January 14, 2010 -- If we are serious about assisting this devastated land we must stop trying to control and exploit it.

By Ian Angus

[First of two articles. Click here for part two.] 

“If the government cannot lower the cost of living it simply has to leave. If the police and UN troops want to shoot at us, that's OK, because in the end, if we are not killed by bullets, we’ll die of hunger.” — A demonstrator in Port-au-Prince, Haiti

April 28, 2008 -- In Haiti, where most people get 22% fewer calories than the minimum needed for good health, some are staving off their hunger pangs by eating “mud biscuits” made by mixing clay and water with a bit of vegetable oil and salt.[1]
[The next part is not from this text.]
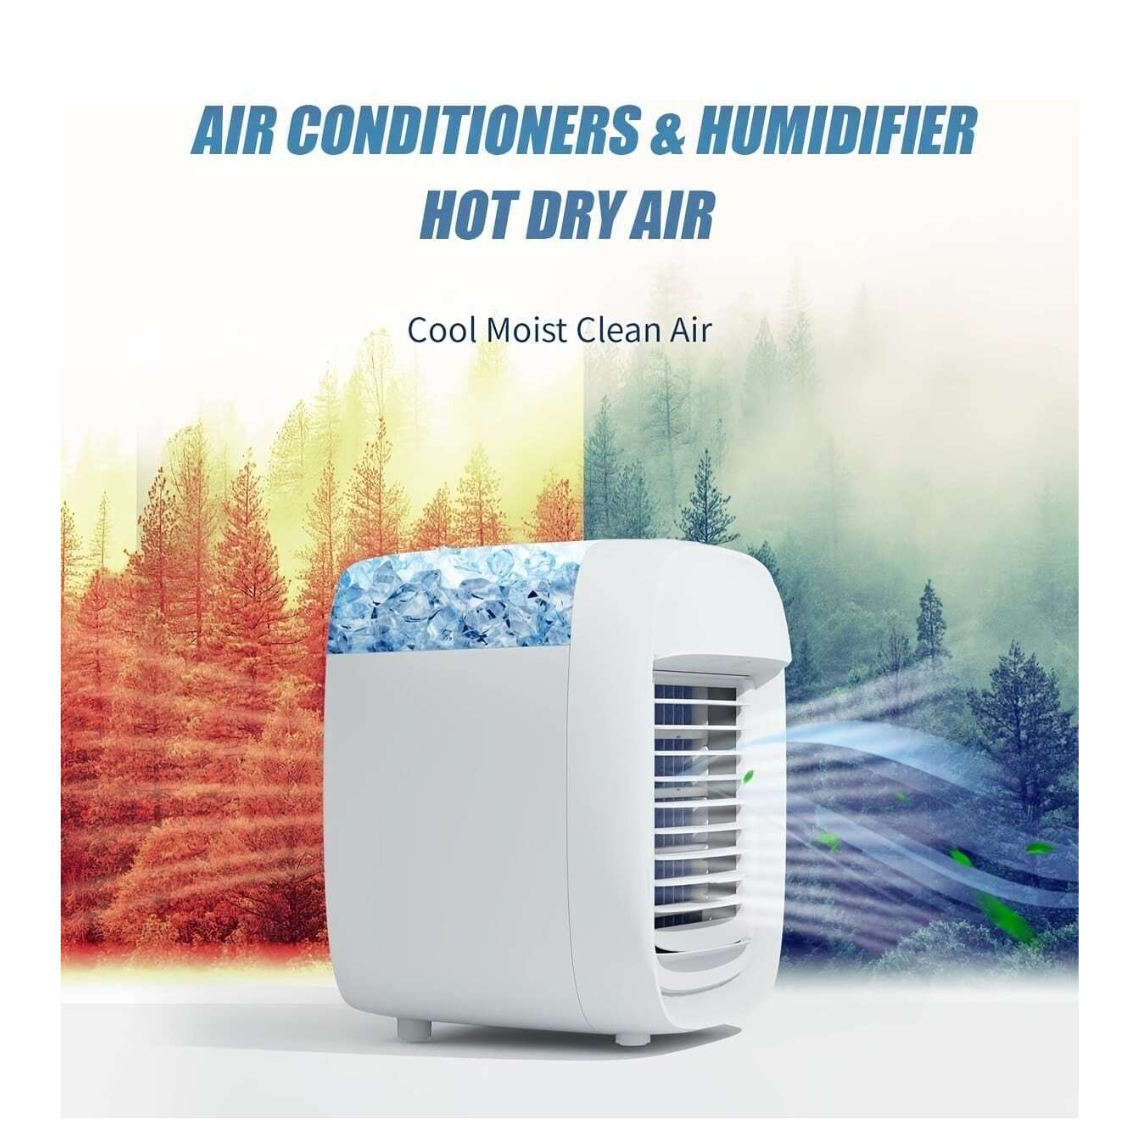 Chill Anywhere, Anytime: Portable Personal Air Conditioner with 3 Speeds, Mini Fan, 880ML Water Tank, and 7 Colors Night Light for Small Spaces!

Meanwhile, in Canada, the federal government is currently paying $225 for each pig killed in a mass cull of breeding swine, as part of a plan to reduce hog production. Hog farmers, squeezed by low hog prices and high feed costs, have responded so enthusiastically that the kill will likely use up all the allocated funds before the program ends in September. Some of the slaughtered hogs may be given to local Food Banks, but most will be destroyed or made into pet food. None will go to Haiti.

This is the brutal world of capitalist agriculture — a world where some people destroy food because prices are too low, and others literally eat dirt because food prices are too high.